Hw04 - CS61A of UCB(2021-Fall)


Implement the planet data abstraction by completing the planet constructor and the size selector so that a planet is represented using a two-element list where the first element is the string 'planet' and the second element is its size.

从问题的描述中我们可以知道什么是 planet. 就是一个长度为 2 的 list, 内容是 ['planet', size]. 可以参考 mobile 函数, 这两个函数的代码是很类似的

python

def planet(size):
    """Construct a planet of some size."""
    assert size > 0
    return ['planet', size]


def size(w):
    """Select the size of a planet."""
    assert is_planet(w), 'must call size on a planet'
    return w[1]

Implement the balanced function, which returns whether m is a balanced mobile. A mobile is balanced if both of the following conditions are met:

  1. The torque applied by its left arm is equal to that applied by its right arm. The torque of the left arm is the length of the left rod multiplied by the total weight hanging from that rod. Likewise for the right. For example, if the left arm has a length of 5, and there is a mobile hanging at the end of the left arm of weight 10, the torque on the left side of our mobile is 50.
  2. Each of the mobiles hanging at the end of its arms is balanced.

Planets themselves are balanced, as there is nothing hanging off of them.

这个问题需要用递归的方法来解决. 我们判断一个 mobile 平衡的条件如下

  1. 它是 planet, 根据描述可以知道本身是平衡的
  2. 它是 arm, 并且 total_weight(left_arm) == total_weight(right_arm). 并且它的所有子树都要符合这个平衡的条件. 注意不要漏掉对子树的判断

写出代码的关键: 要区分开 arm, planet, mobile 这三个概念并且要能够知道用什么对应的函数来处理. 😢

python

def balanced(m):
    """Return whether m is balanced.

    >>> t, u, v = examples()
    >>> balanced(t)
    True
    >>> balanced(v)
    True
    >>> w = mobile(arm(3, t), arm(2, u))
    >>> balanced(w)
    False
    >>> balanced(mobile(arm(1, v), arm(1, w)))
    False
    >>> balanced(mobile(arm(1, w), arm(1, v)))
    False
    >>> from construct_check import check
    >>> # checking for abstraction barrier violations by banning indexing
    >>> check(HW_SOURCE_FILE, 'balanced', ['Index'])
    True
    """
    # planet is balanced 
    if is_planet(m):
        return True

    left_arm, right_arm = left(m), right(m)
    
    # end(...arm) will is a mobile or a planet
    left_val = length(left_arm) * total_weight(end(left_arm))
    right_val = length(right_arm) * total_weight(end(right_arm))
    return left_val == right_val and balanced(end(left_arm)) and balanced(end(right_arm))

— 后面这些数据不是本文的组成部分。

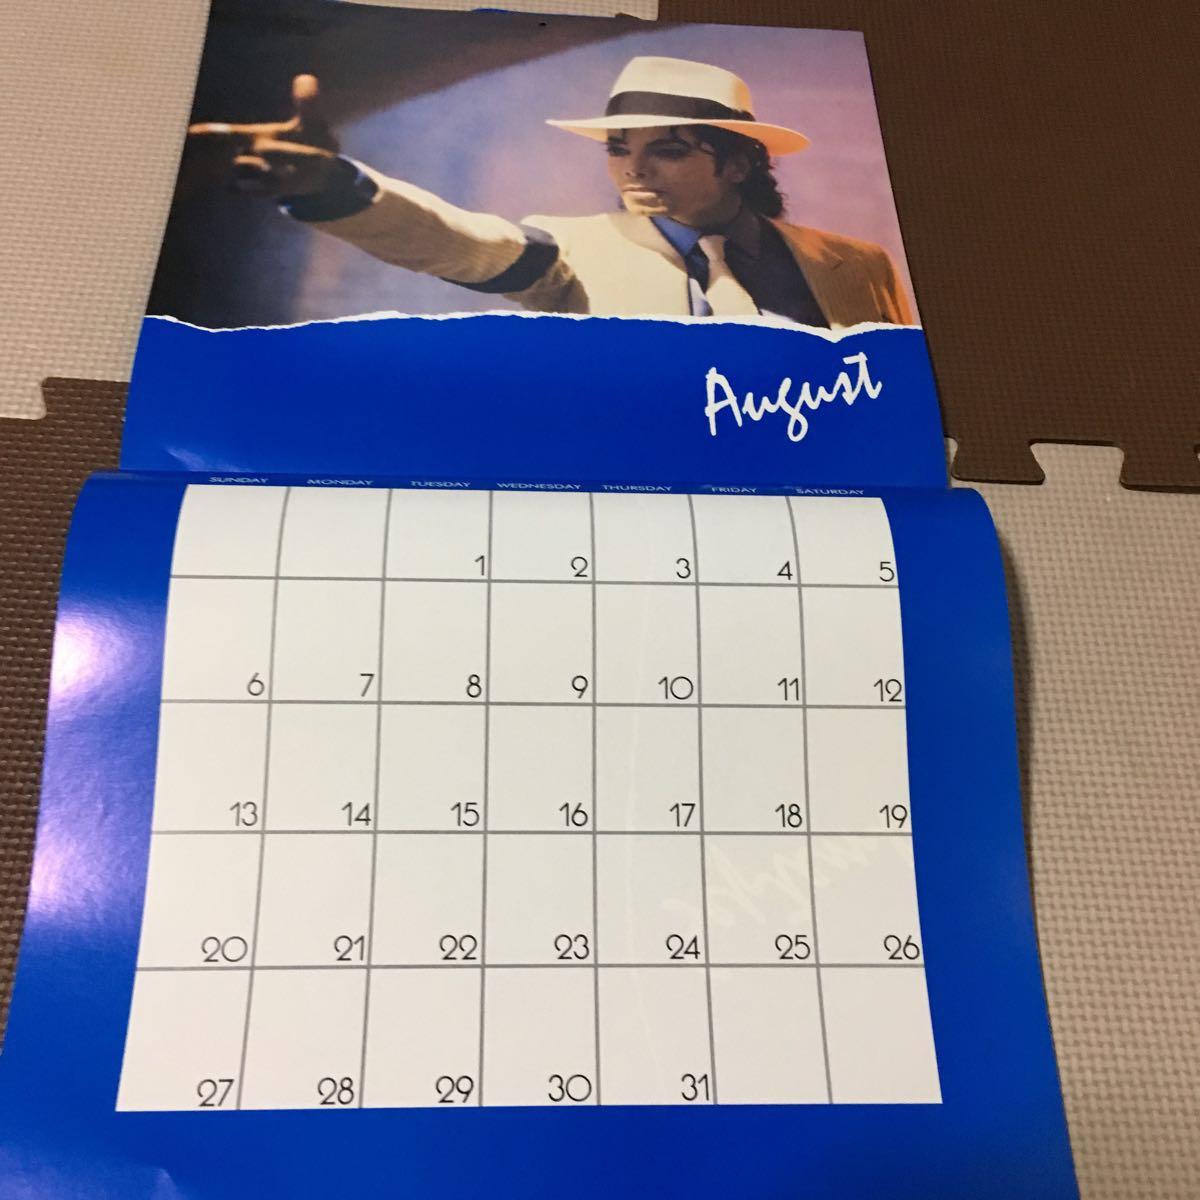 マイケルジャクソン カレンダー ムーンウォーカー 1989年(輸入版)_画像5
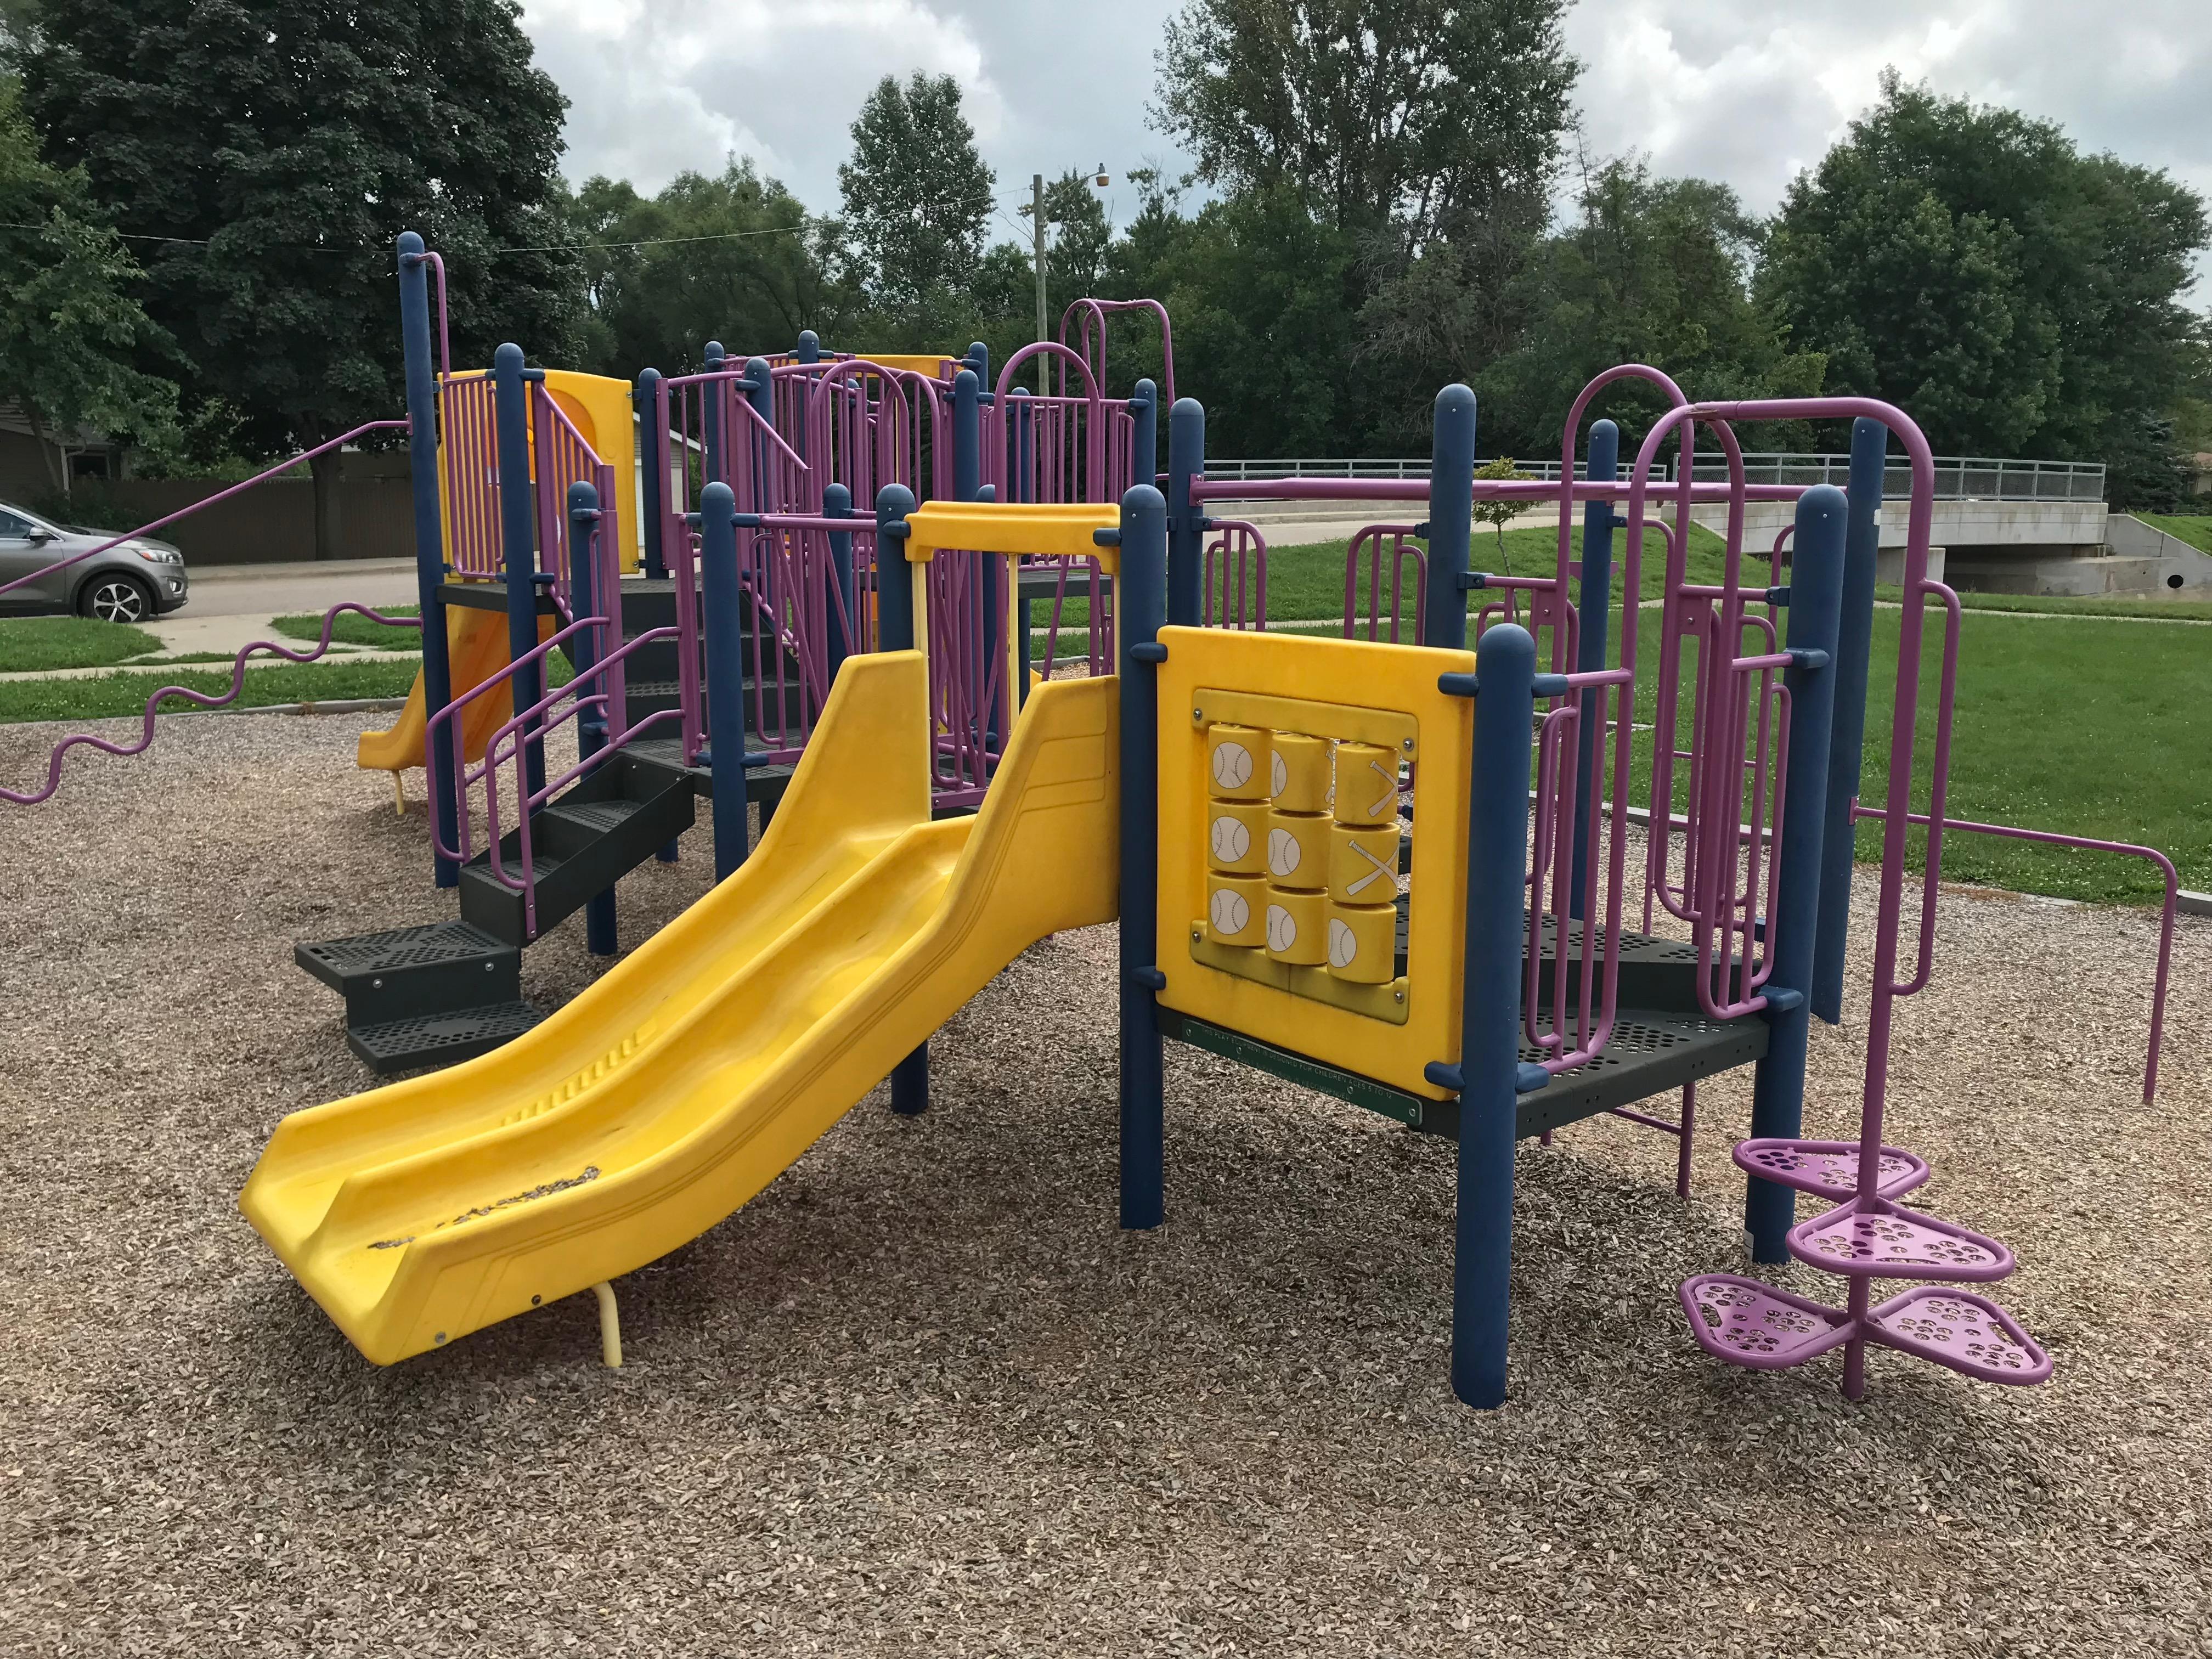 Wantz Park, Loves Park, IL

Implement totals_tree, which takes in a mobile or planet and returns a tree whose root is the total weight of the input. For a planet, totals_tree should return a leaf. For a mobile, totals_tree should return a tree whose label is that mobile’s total weight, and whose branches are totals_trees for the ends of its arms. As a reminder, the description of the tree data abstraction can be found here.

我们在这个问题中想要把 mobile 转换为 tree. 递归解法的 base case 是当我们遇到叶子结点而且是 planet 的时候. 否则我们就递归分析它的子树

python

def totals_tree(m):
    """Return a tree representing the mobile with its total weight at the root.

    >>> t, u, v = examples()
    >>> print_tree(totals_tree(t))
    3
      2
      1
    >>> print_tree(totals_tree(u))
    6
      1
      5
        3
        2
    >>> print_tree(totals_tree(v))
    9
      3
        2
        1
      6
        1
        5
          3
          2
    >>> from construct_check import check
    >>> # checking for abstraction barrier violations by banning indexing
    >>> check(HW_SOURCE_FILE, 'totals_tree', ['Index'])
    True
    """
    if is_planet(m):
        return tree(size(m))

    return tree(total_weight(m), [totals_tree(i) for i in [end(left(m)), end(right(m))]])

Define replace_loki_at_leaf, which takes a tree t and a value lokis_replacement. replace_loki_at_leaf returns a new tree that’s the same as t except that every leaf label equal to "loki" has been replaced with lokis_replacement.

If you want to learn about the Norse mythology referenced in this problem, you can read about it here.

递归解法的 base case 仍然是叶子结点, 我们要检查它的 label 是否为 ’loki’. 如果是的话, 我们就创建一个新的叶子结点并返回. 否则我们返回本来的叶子结点即可.

python

def replace_loki_at_leaf(t, lokis_replacement):
    """Returns a new tree where every leaf value equal to "loki" has
    been replaced with lokis_replacement.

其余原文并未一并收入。